# How to smooth out a textured ceiling?



## RippySkippy

Yes you can...

I did something similar to the my old house and found it quicker to take a large paint scraper and scrape the wall/ceiling using moderate heavy pressure. The larger textured bumps would fall off...the small ones stayed and were covered with mud. If you scrape, make sure you broom the wall well, you'll want to make sure any loose chunks come down. After skim coating the walls it looked like new drywall. Some say that's too much work and say either rip the old DW out or put up 3/8". I didn't and don't regret it a bit...

One think I learned when skim coating, keep a spray bottle handy, when the mud gets a bit dry and stops smoothing well, spritz the surface with water and with practice you'll end up with a wall that's perfectly smooth.


----------



## tac533

Thank you, for the reply. I am encouraged by your success!


----------



## bjbatlanta

I would tend to agree that the more texture you can remove, the less mud work you;ll need to do to get to a smooth finish. Depending on the age of the house, sanding with #80 grit paper may even work. If it's just a spray texture and hasn't been painted, it should sand fairly easily. As a rule, "popcorn" and "stipple" textures are considered a finished product and aren't painted in new construction. (I don't know as to your particular texture.) If it's an older house, it has likely been painted which will require the "dreaded" scraping to get as much off as possible. I would also sand with #80 grit paper once scraping is done. Then skim (2 coats at least), sand again, prime, touch up as needed, and paint.


----------



## Sir MixAlot

It can be done. Here's some pictures of an old school popcorn ceiling (Vermiculite), that i skim coated. This type of popcorn texture which was done in the early 70's is hard as a rock and does not scrape off as easy as the more traditional poly type popcorn. So I alway's skim coat it. I think it's the type of texture the OP has. It's going to take two coats of skimming with an 12" knife. After the first coat trim all high edges with an 6" knife then do the second coat. Really this takes a lot of skill, and might be better left to a professional. Depending on your mudding skills. Good Luck! :thumbsup:


----------



## gorf

WOW skim coating over pop corn - what a brave soul!

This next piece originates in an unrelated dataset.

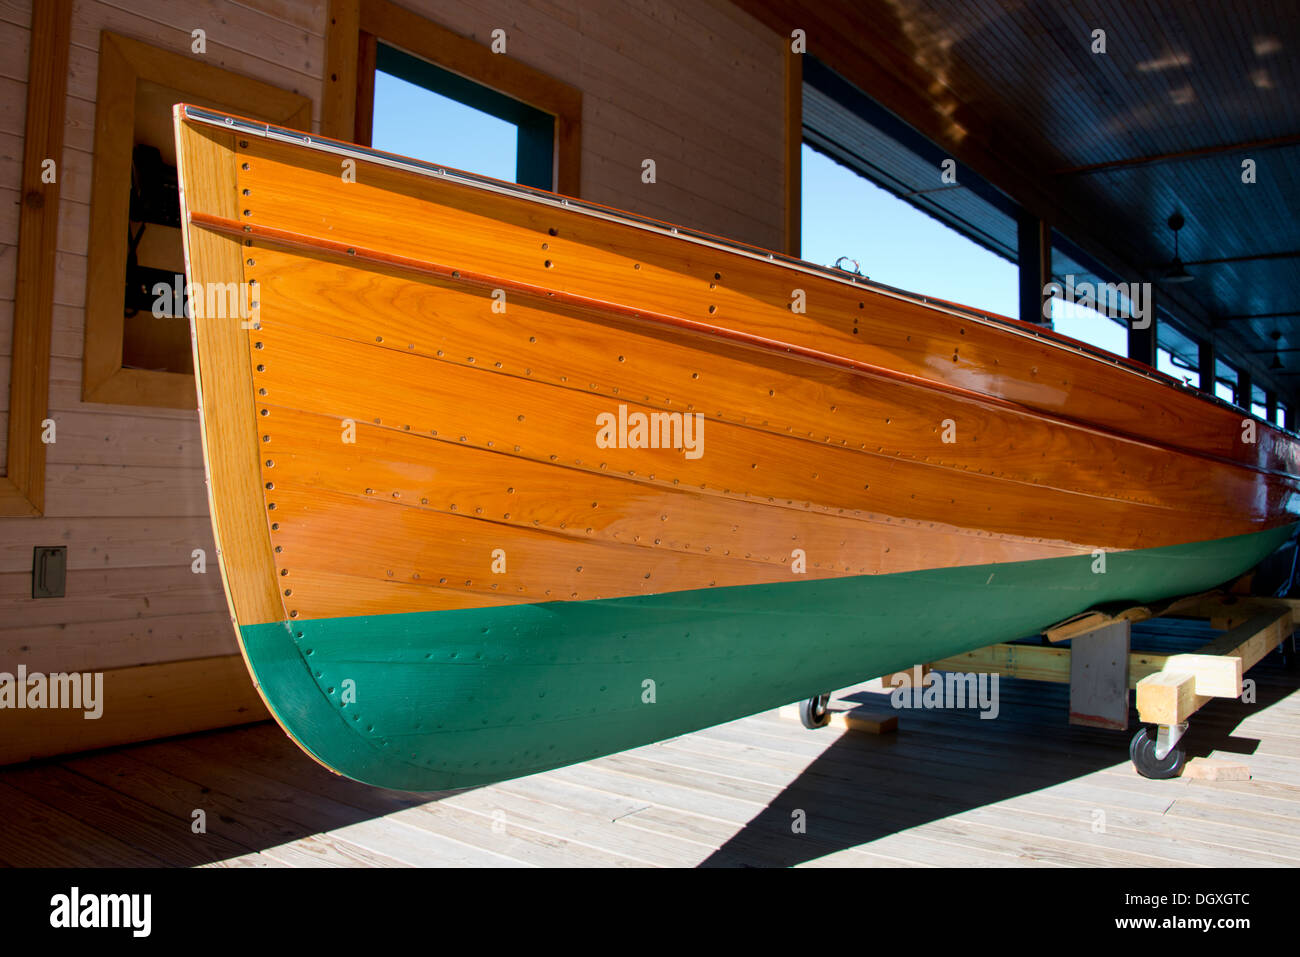 New York, Clayton. Antique Boat Museum. Bow of vintage wooden canoe. Stock Photo

We hired a painter, he came in with three guys and spray bottles and stripped the whole house in one day! Fare warning, they do pop corn for a reason - it's cheap! Sheetrock, tape one coat of mud and the spray everything with pop corn. Means if you strip it off you have to finish the mud job.


----------



## bjbatlanta

Gorf, if you re-read the post, you'll see SirMix was talking about a different type of texture than what is used now. The "styrofoam popcorn" is what you had. Easilly removed if it hasn't been painted. Yes, textures became popular during the building boom when "production" took precedence over quality. Not all drywall finishers are capable of quality "slick" finish. And when you're getting paid "by the board", time is money.......


----------



## yesitsconcrete

we bought scrapers that attach to wet/dry vacs & they work great & not only for drywall,,, gottem from dustlesstechnology 1st on ebay { no financial interest, btw }


----------